The TSP algorithm in the Gurobi example needs a distance matrix. This is a matrix that contains the distance from each place to visit, to all the other places. The code in the Gurobi TSP template reads
cities and their gps coordinates. These gps coordinates are used to calculate the Euclidean distance between each city and each other city. In our case, we have much better data, because the time as specified in the groningenPostcodeDistances.csv file contains the actual bicycling time needed instead of the Euclidean distance. So in this step, you need to adapt the TSP example code in such a way that the distance matrix contains the mutual traveling times between all postcodes. You must extract these times from the Elasticsearch index.
Note that we talk about a ‘distance’ matrix, but in this matrix we do not need to necessarily put the distance in meters. It can also be the distance in time.

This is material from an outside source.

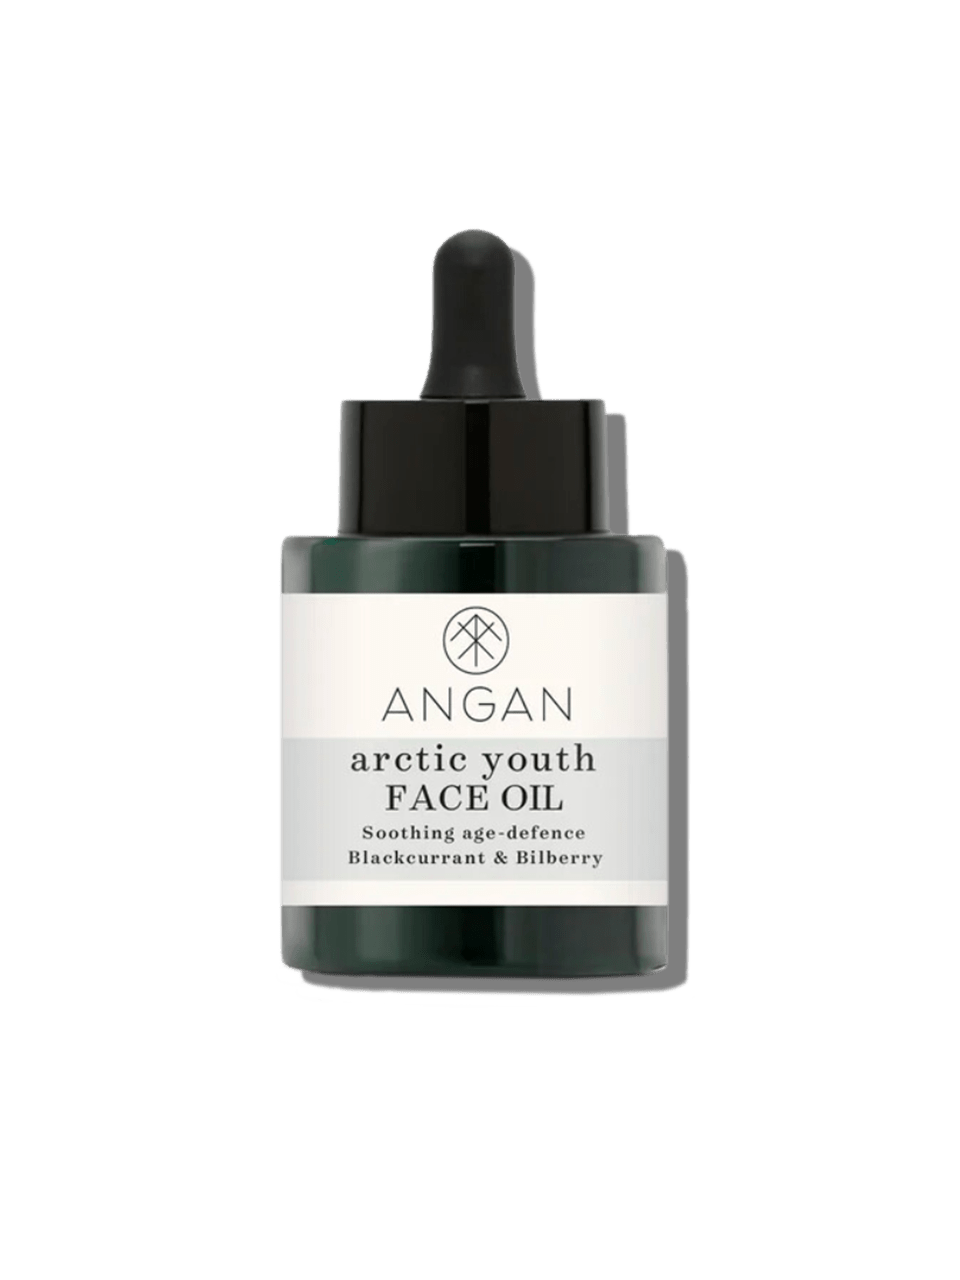 Arctic Youth Face Oil SKINCARE ANGAN 
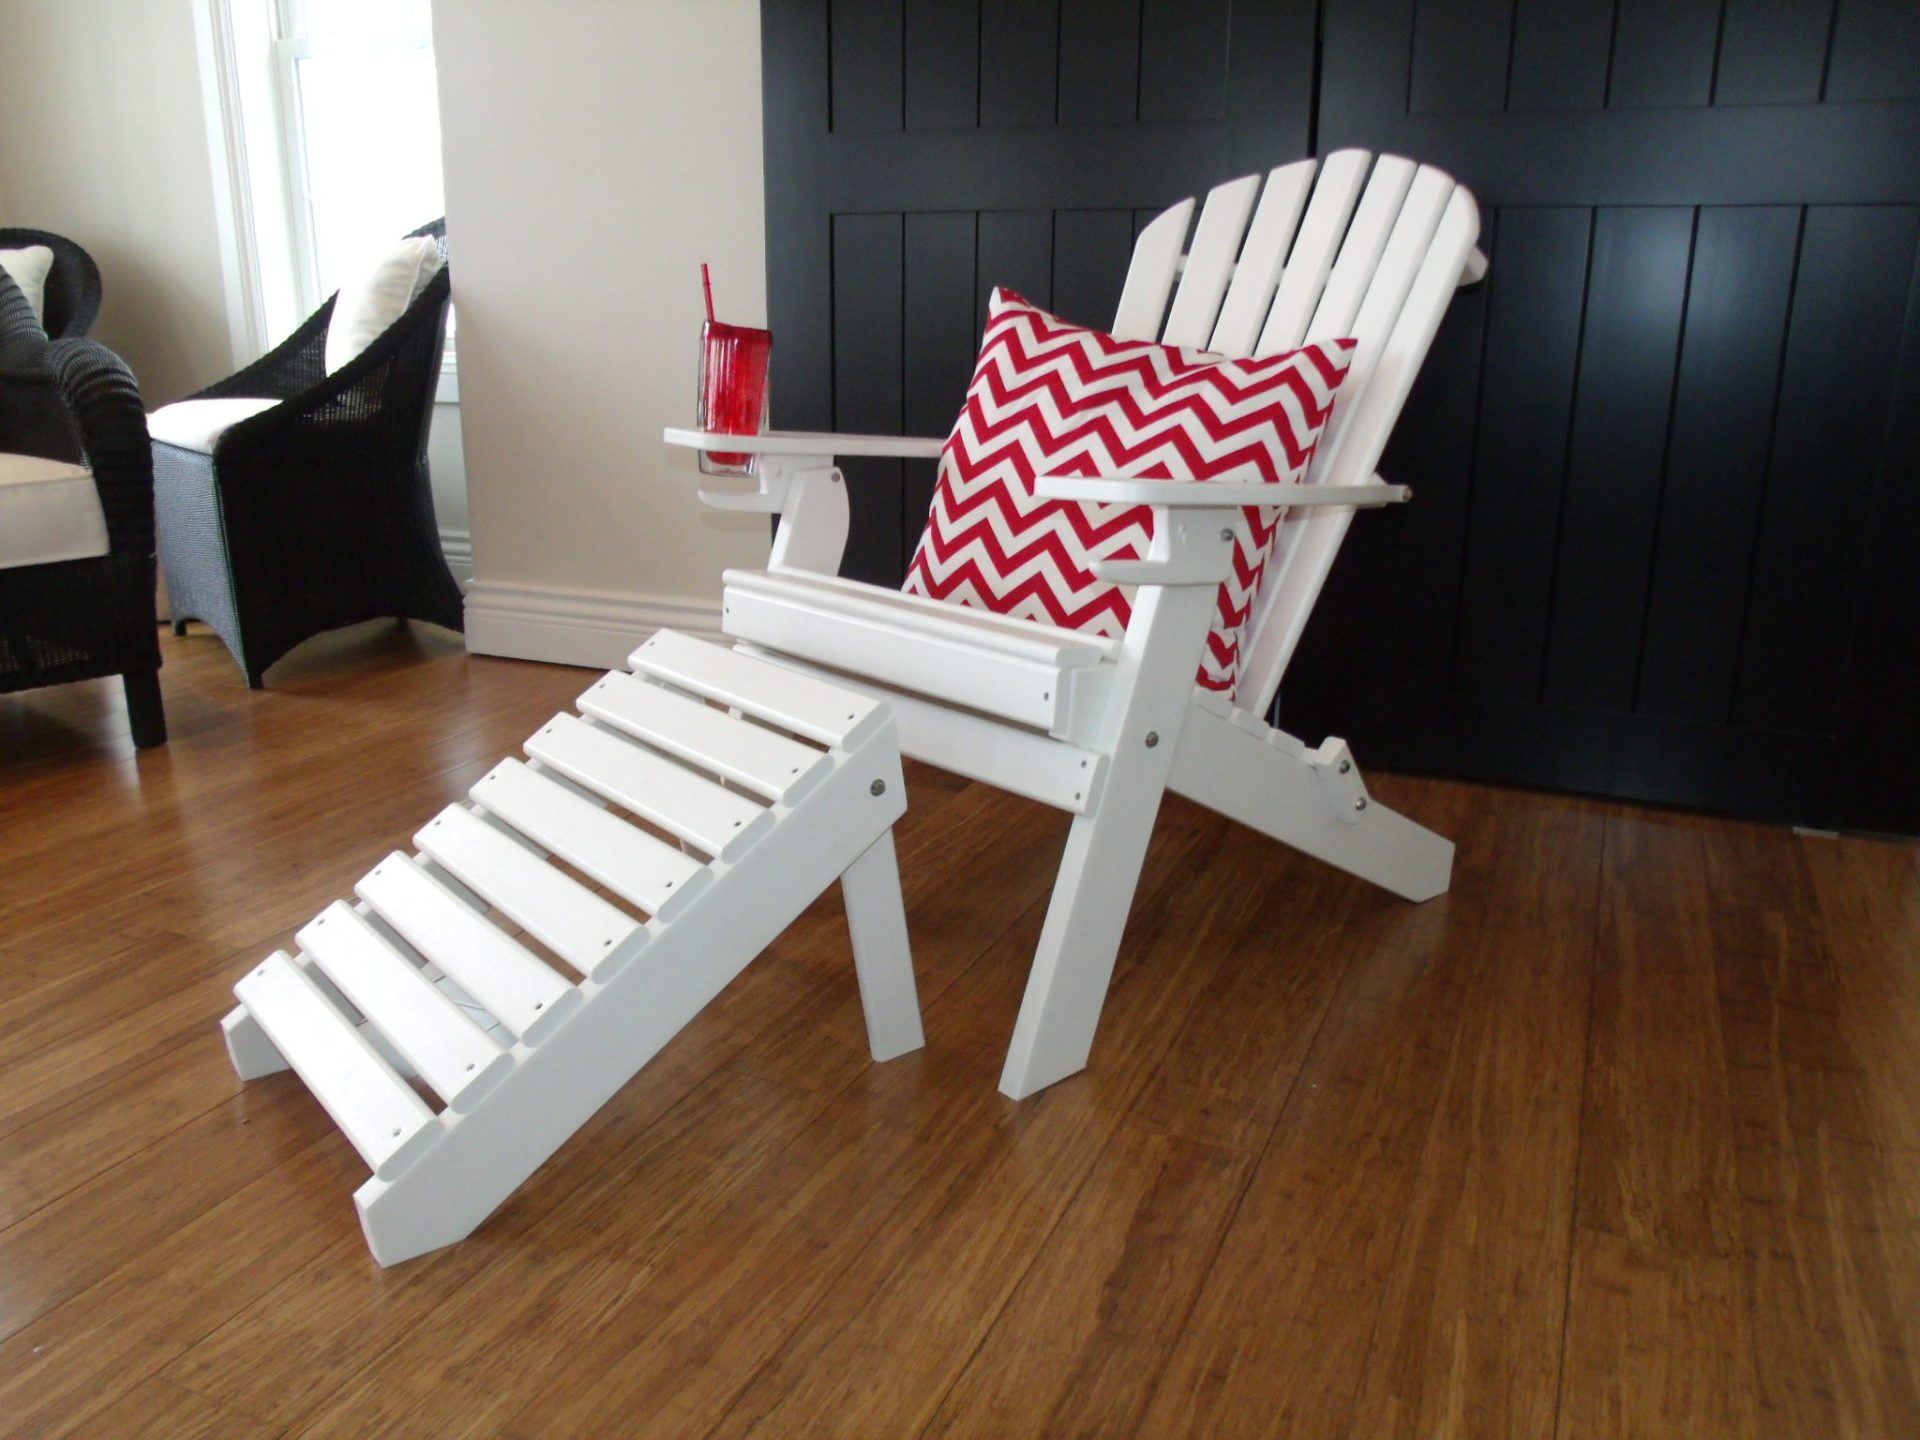 Basic 7 Slat Adirondack Chairs with 2 cup holders

One thing you should be aware of, is that the Gurobi algorithm expects that the distance between a and b is the same as the distance between b and a. Because our postcodeDistances file contains the actual bicycling times, it might very well be that a certain route takes longer than the reverse, due to one way streets. Make sure that the distances in your distance matrix between postcodes are the same from ato b and from b to a. Just pick one of the two distances between a and b and add them for both a to b and b to a (the differences are very small anyway).
Step 3.
Once you have the routes, you need to draw each of them in Folium, just like done in the Gurobi example. You can get the gps coordinates of the postcodes in the route from the Elasticsearch index you created based on the groningenAddresses.txt file. You might need to solve some cases of missing data. An additional requirement for this step is that each route needs its own color, otherwise they cannot be distinguished from each other.
Bonus question
5 points will be divided over the students who manage to add markers for each destination to the Folium map, and where clicking on the marker would show the zip code of the destination in a popup window. The maximum bonus given per person is 1 point. As the maximum for a repair is a 6 (which is the faculty rule), the bonus allows you to still get a 7.